§ Your assignment:
Skip the pictures and copy all the data that follows exactly.

§ Data extract:

+++++

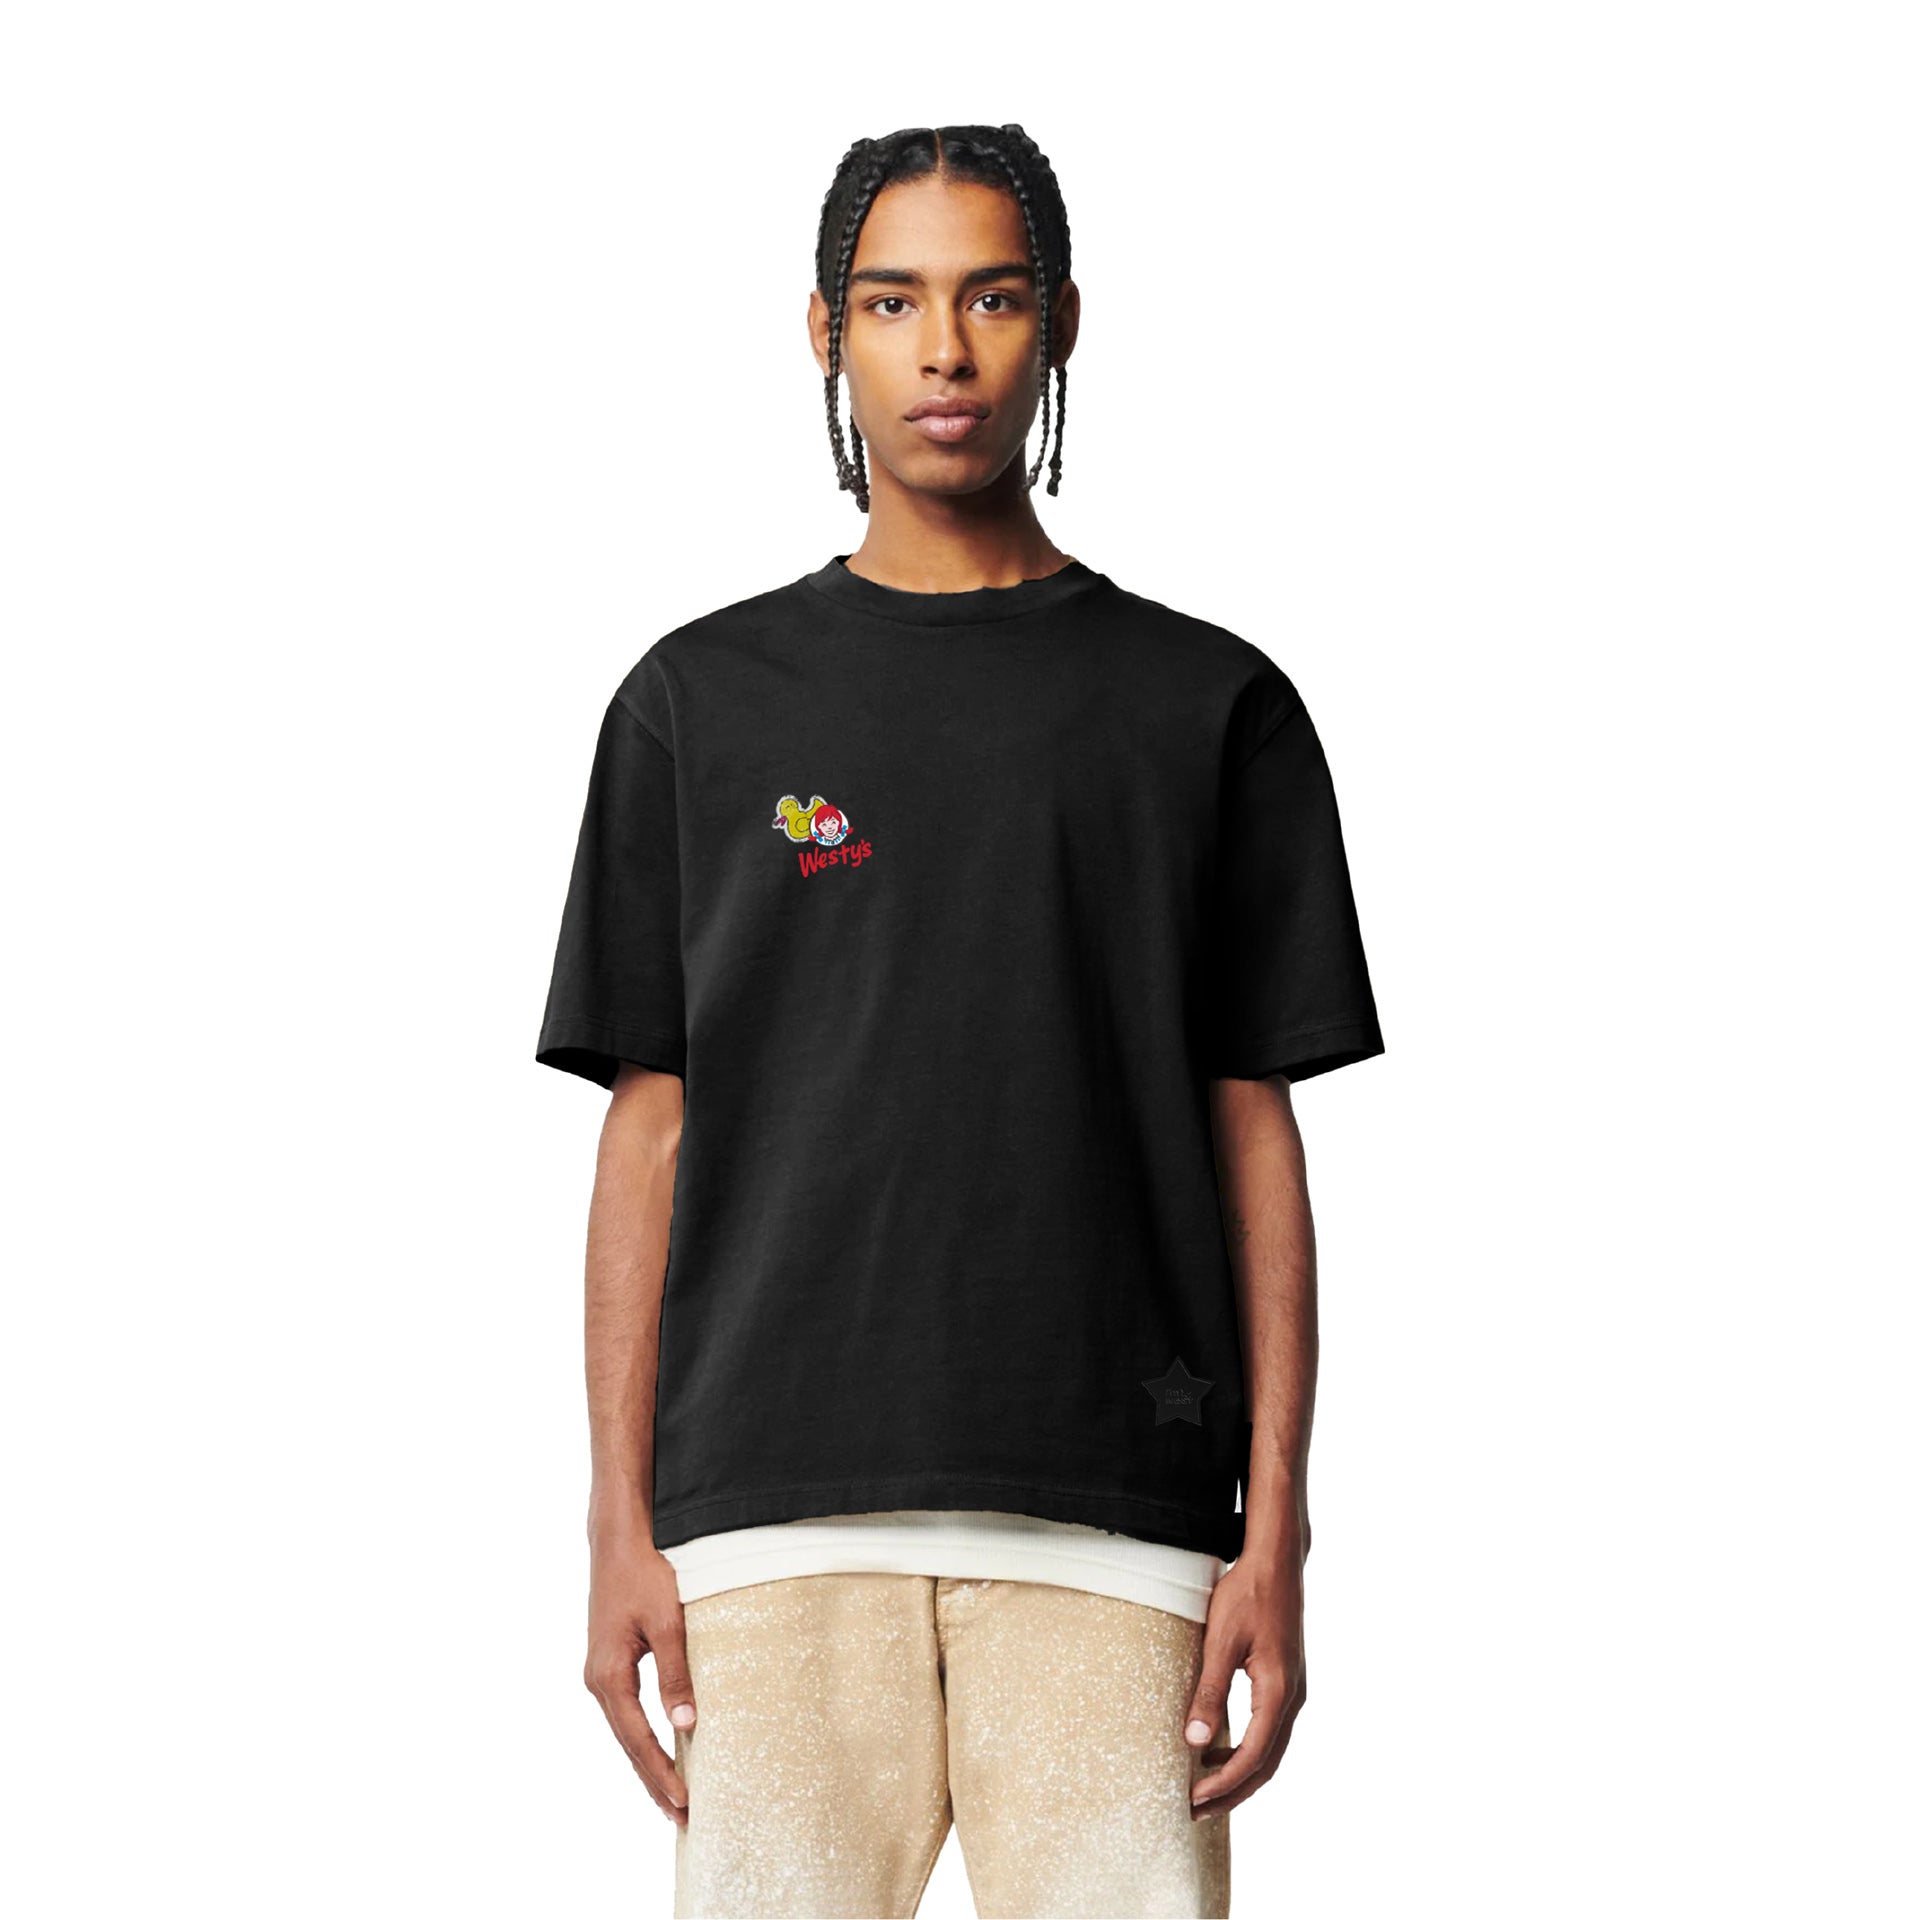 Black T-shirt From I'm West
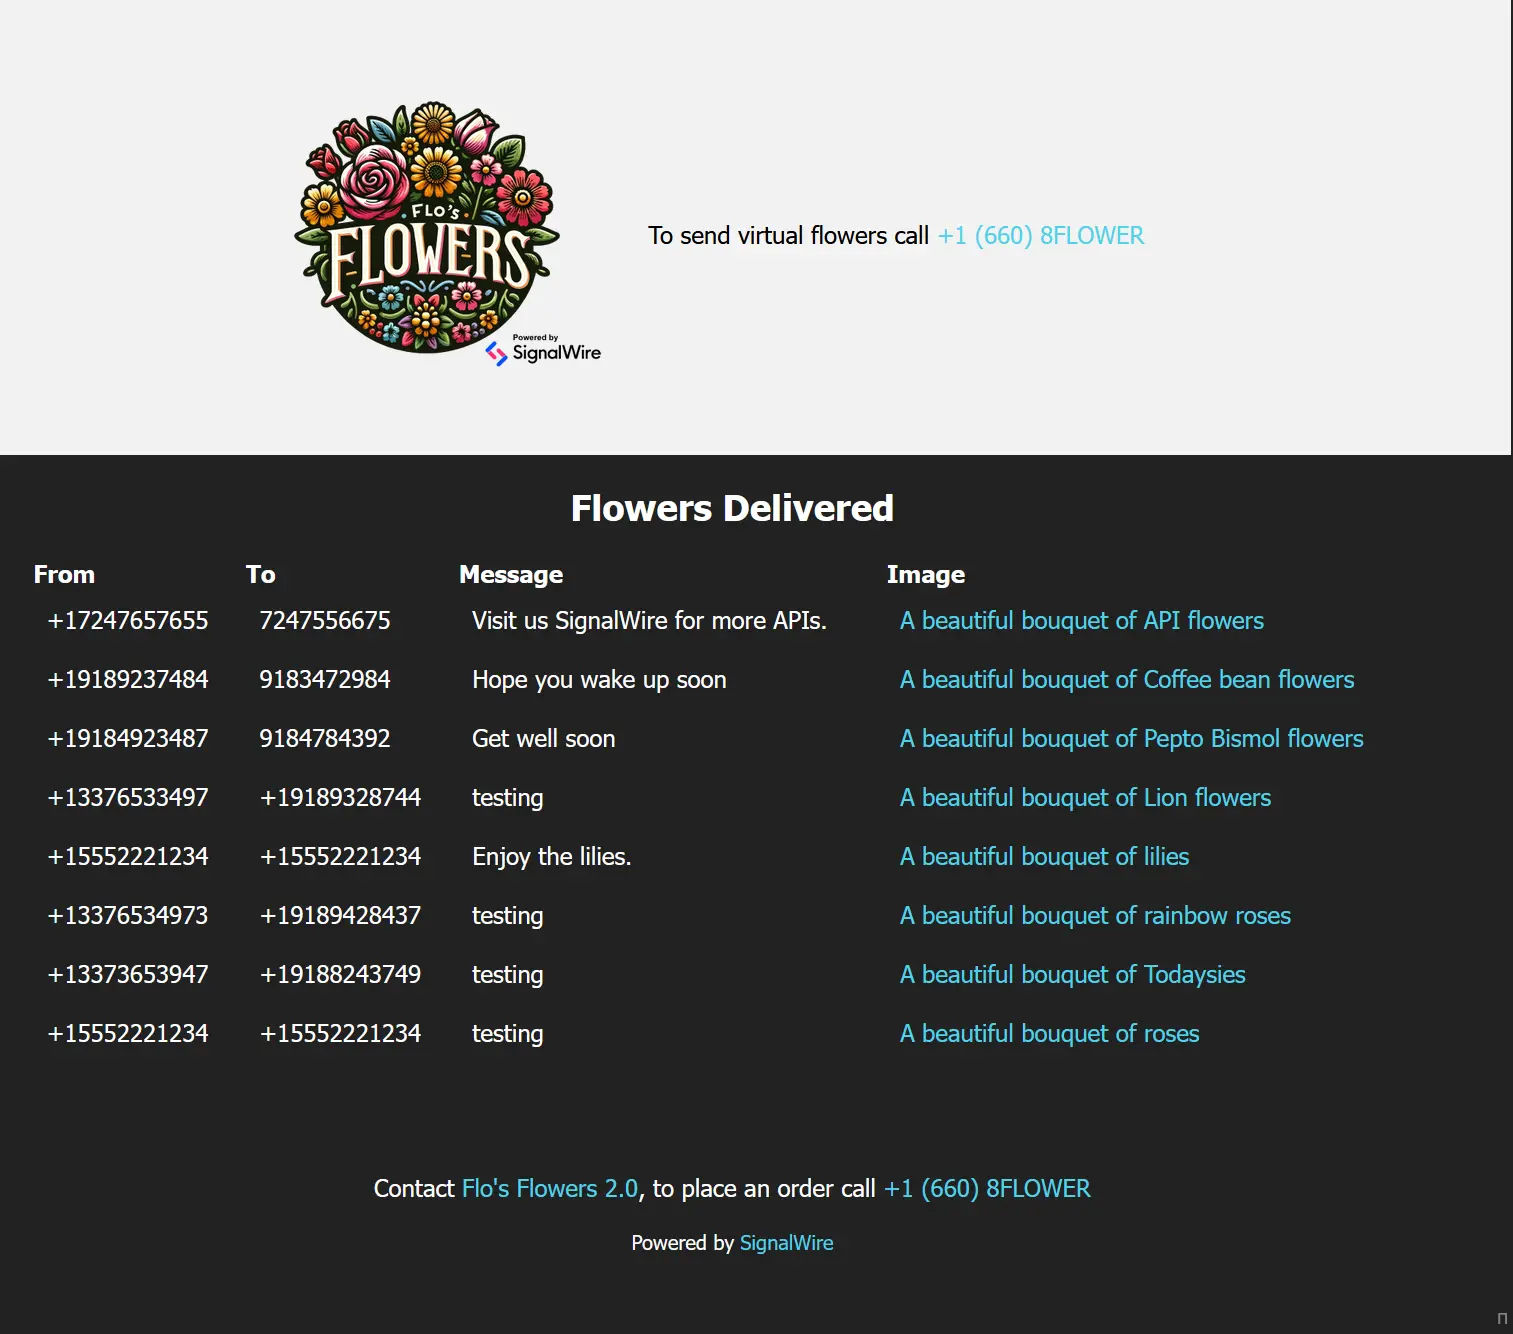 A screenshot of the Flo's Flowers 2.0 web interface.
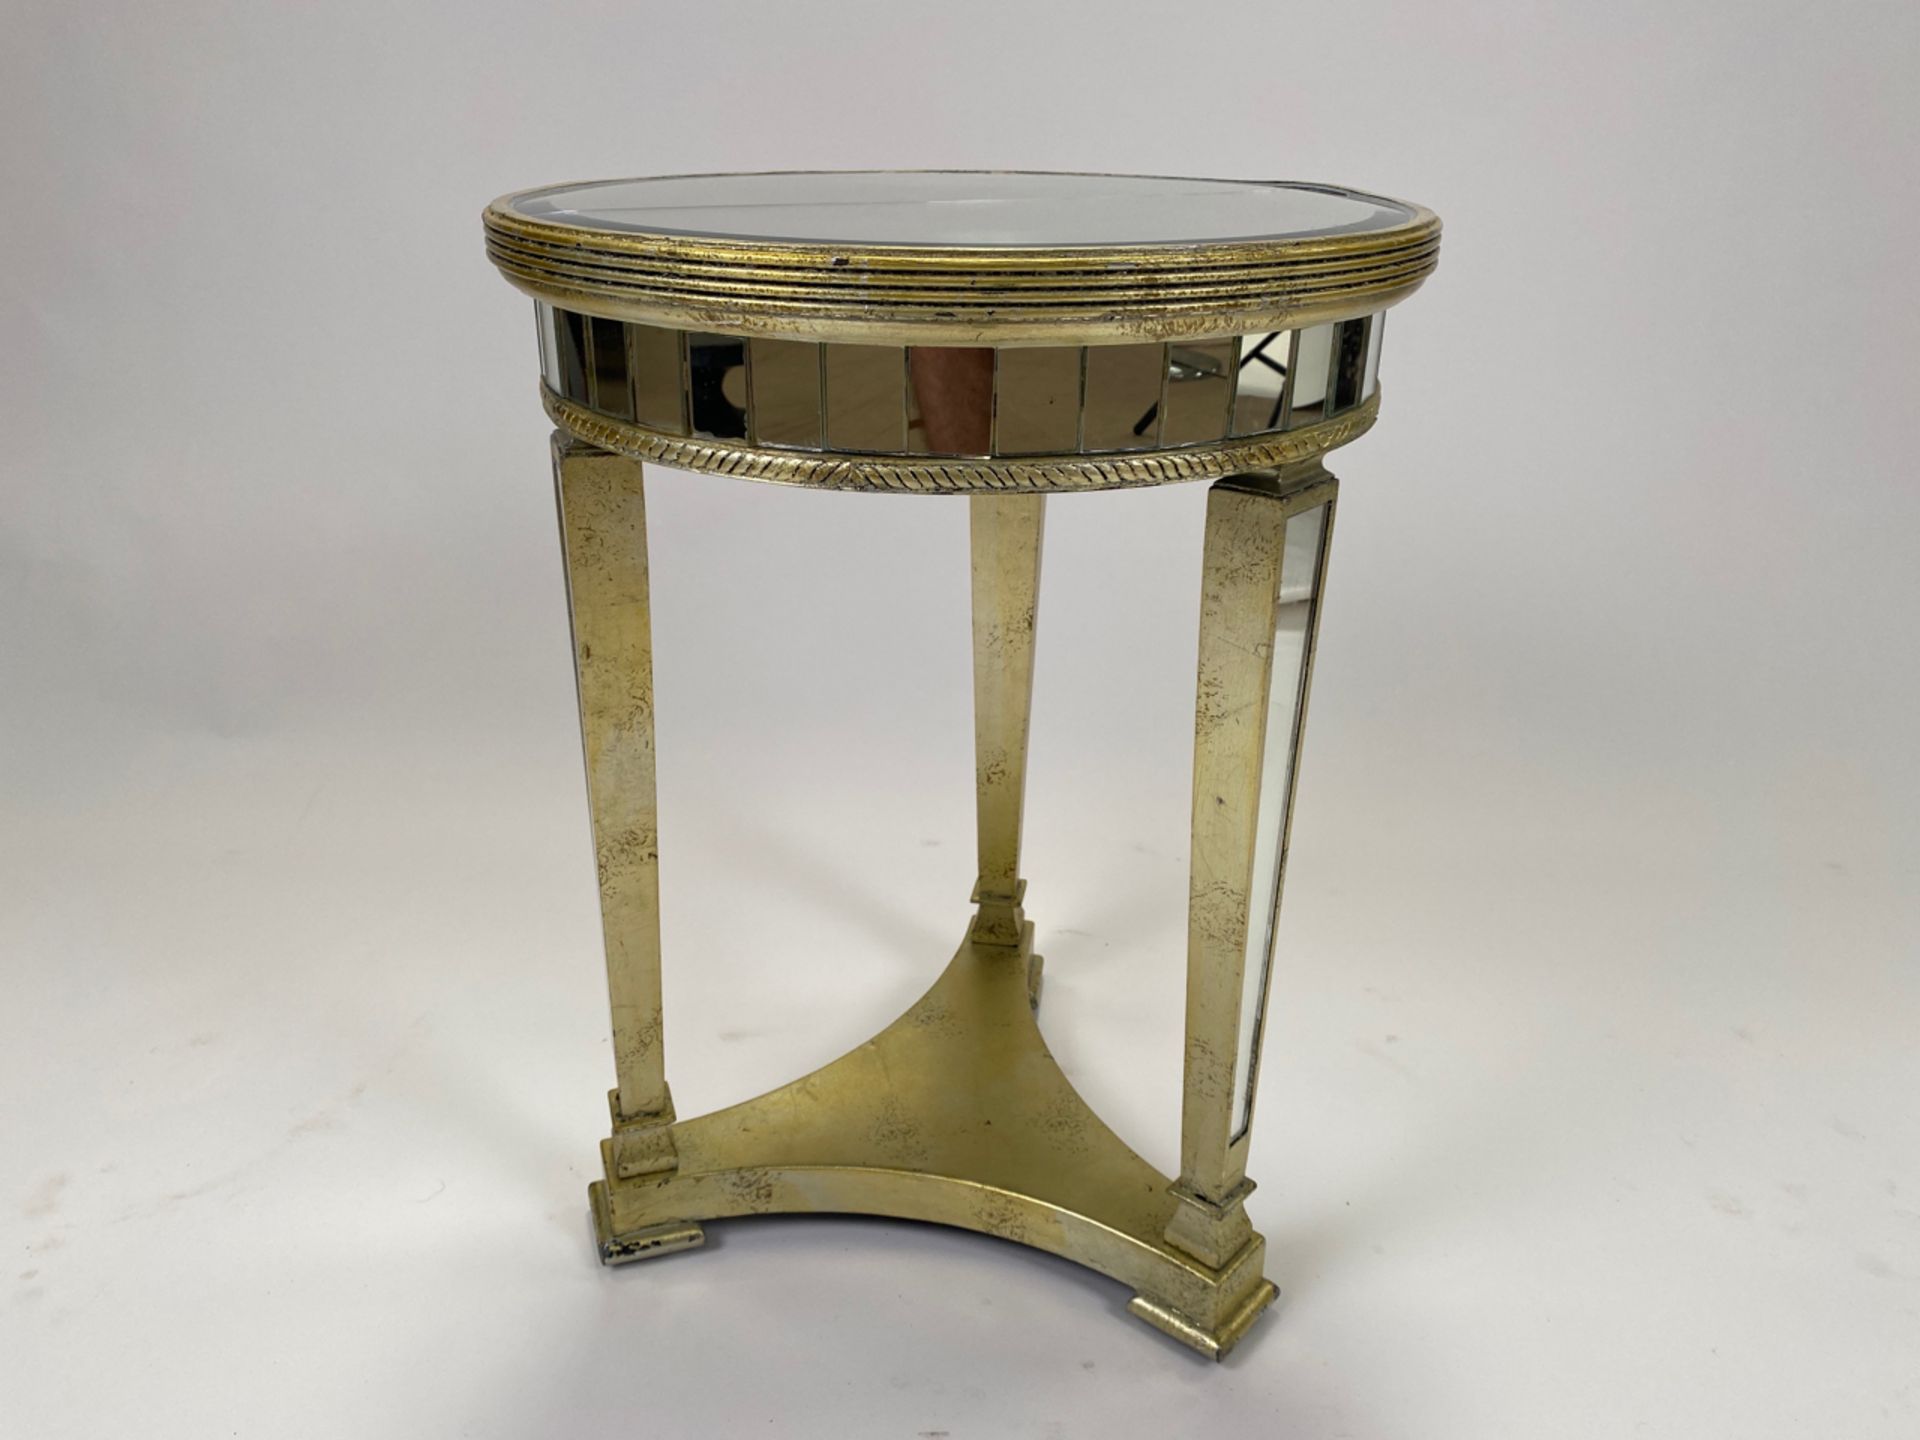 Art Deco Mirrored Pedestal Round Side Table Antiqued Ribbed

+++++

§ Your solution:
 Black T-shirt From I'm West
 A screenshot of the Flo's Flowers 2.0 web interface.
 Art Deco Mirrored Pedestal Round Side Table Antiqued Ribbed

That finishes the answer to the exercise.